0

When writing about 200 300k blobs to blob storage using Task.WhenAll(List) the writes hang / take significantly longer than performing each in order.

I'm running the process in a function app.

Doesn't work

private async Task WriteToBlobAsync(List<DataSeries> allData)
        {
            int blobCount = 0;
            List<Task> blobWriteTasks = new List<Task>();
            foreach(DataSeries series in allData)
            {
                blobCount++;
                string seriesInJson = JsonConvert.SerializeObject(series);
                blobWriteTasks.Add(_destinationBlobStore.WriteBlobAsync(seriesInJson, series.SaveName));
                //await _destinationBlobStore.WriteBlobAsync(seriesInJson, series.SaveName);
                if (blobCount % 100 == 0)
                {
                    _flightSummaryDoc.AddLog($"{blobCount} Blobs Complete");
                    _log.Info($"{blobCount} Blobs Complete");
                }
            }
            await Task.WhenAll(blobWriteTasks.ToArray());
        }

Works significantly faster (but shouldn't)

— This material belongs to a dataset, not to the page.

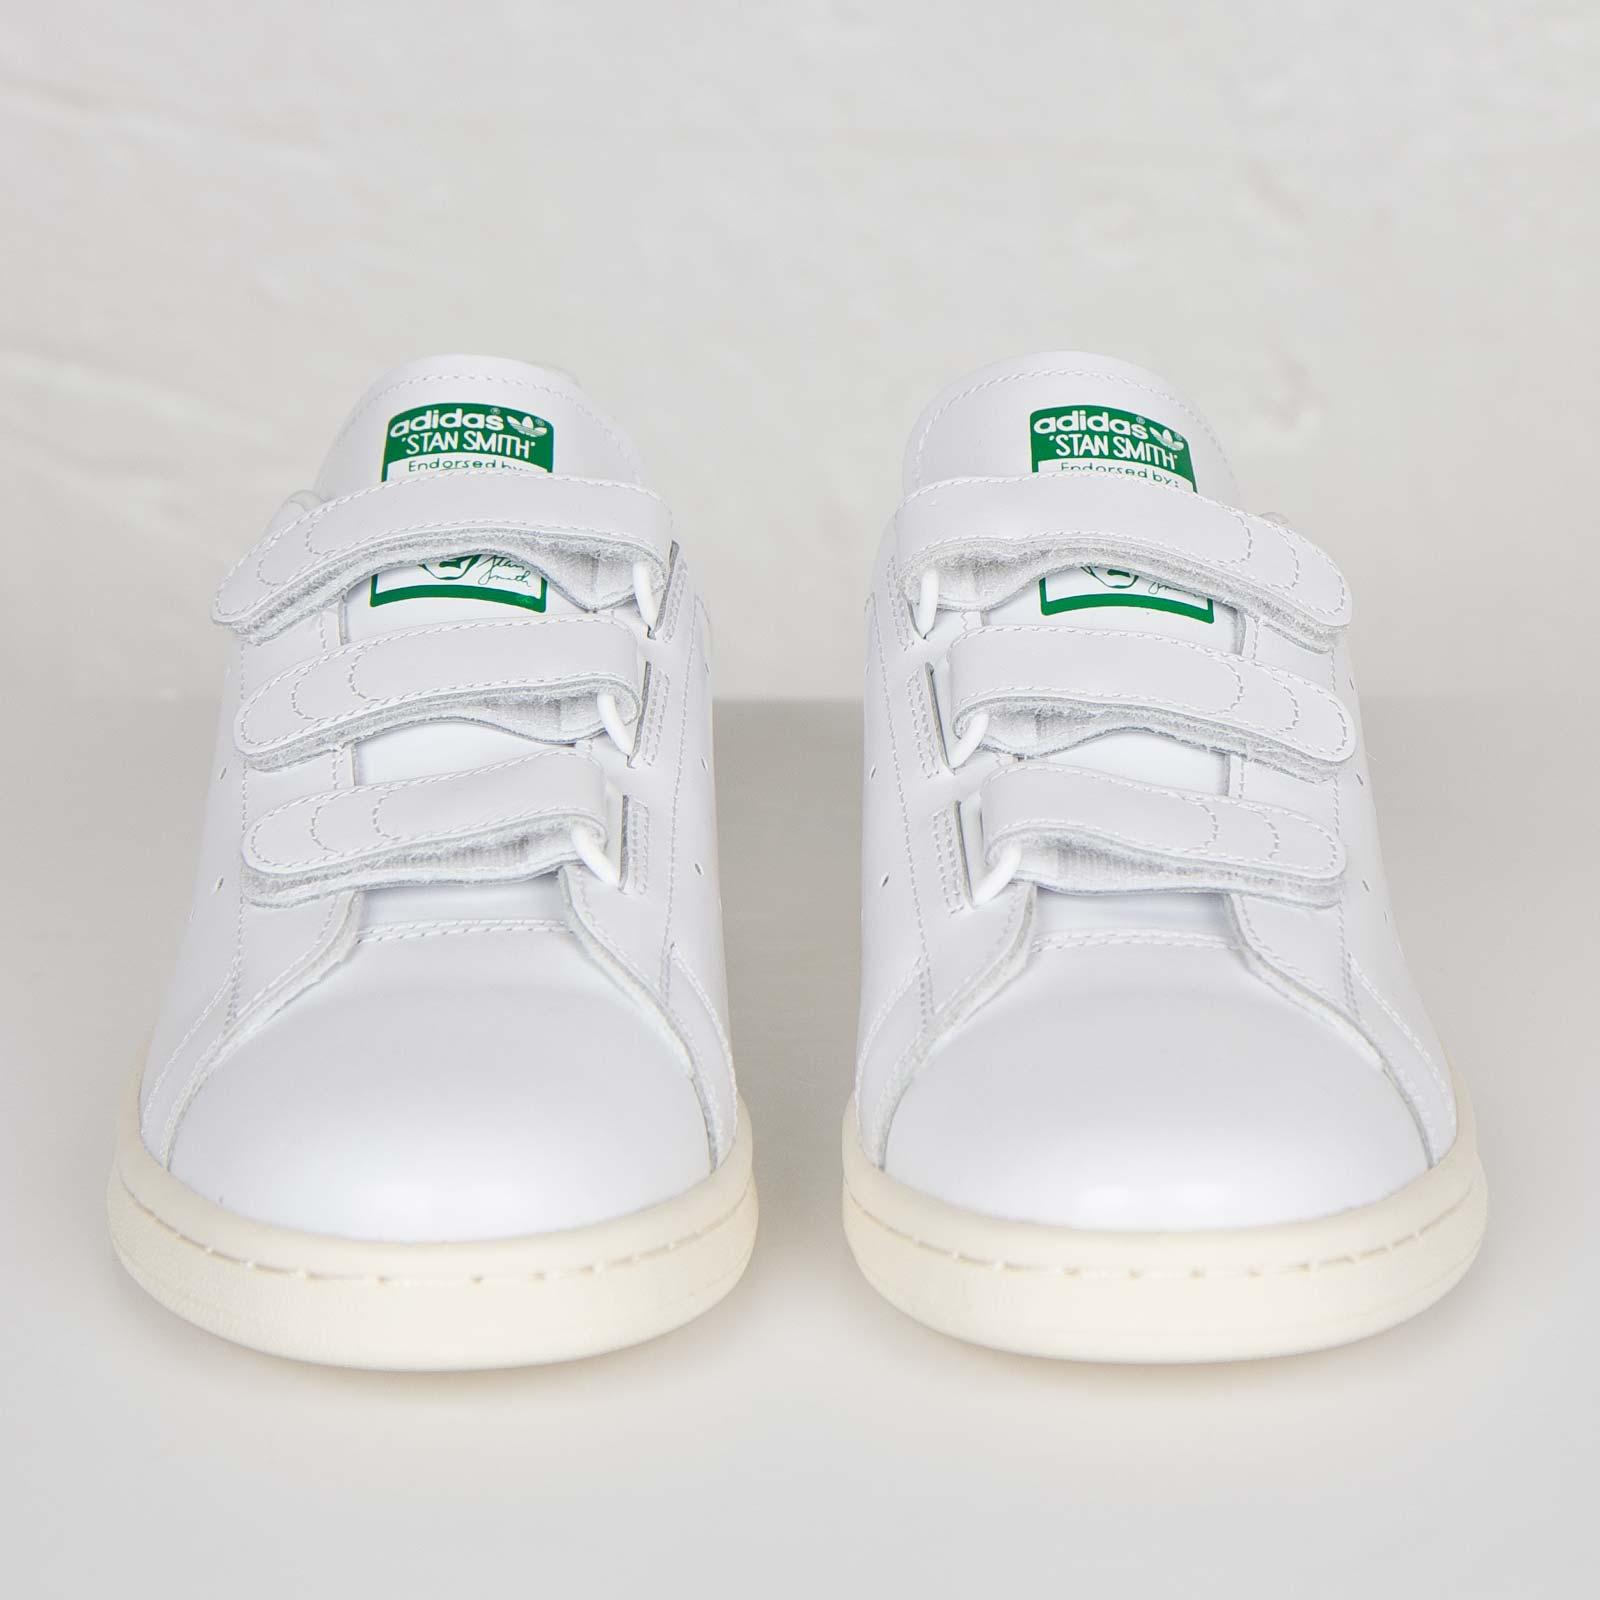 premium selection 37658 97c63 adidas Stan Smith CF Nigo - B26000 - Sneakersnstuff ...

private async Task WriteToBlobAsync(List<DataSeries> allData)
        {
            int blobCount = 0;
            List<Task> blobWriteTasks = new List<Task>();
            foreach(DataSeries series in allData)
            {
                blobCount++;
                string seriesInJson = JsonConvert.SerializeObject(series);
                //blobWriteTasks.Add(_destinationBlobStore.WriteBlobAsync(seriesInJson,series.SaveName));
                await _destinationBlobStore.WriteBlobAsync(seriesInJson, series.SaveName);
                if(blobCount % 100 == 0)
                {
                    _flightSummaryDoc.AddLog($"{blobCount} Blobs Complete");
                    _log.Info($"{blobCount} Blobs Complete");
                }
            }
            //await Task.WhenAll(blobWriteTasks.ToArray());
        }
Tony Ju
  • 14,891
  • 3
  • 17
  • 31
A.Rowan
  • 1,460
  • 2
  • 16
  • 20
  • What does `WriteBlobAsync` look like? – Stephen Cleary May 02 '19 at 15:22
  • I don't know what the maximum number of connections should be, but I'm almost positive the problem is you're hammering your server with a bunch of concurrent requests. If I were you, I would try only keeping only a few requests open at once. Maybe add new requests only after old ones complete? Maybe await when the count of uncompleted tasks is 3-5. I'm not sure if that's the best way to do that. Perhaps this warrants a new SO post on how to best space out concurrent requests. But certainly don't try 200 at once. – Slothario May 02 '19 at 16:03

1 Answers1

1

It's slowing down and failing because it can't handle 200 concurrent requests.

Consider using SemaphorSlim to use its built-in throttling mechanism and limit the concurrent requests to a more reasonable number.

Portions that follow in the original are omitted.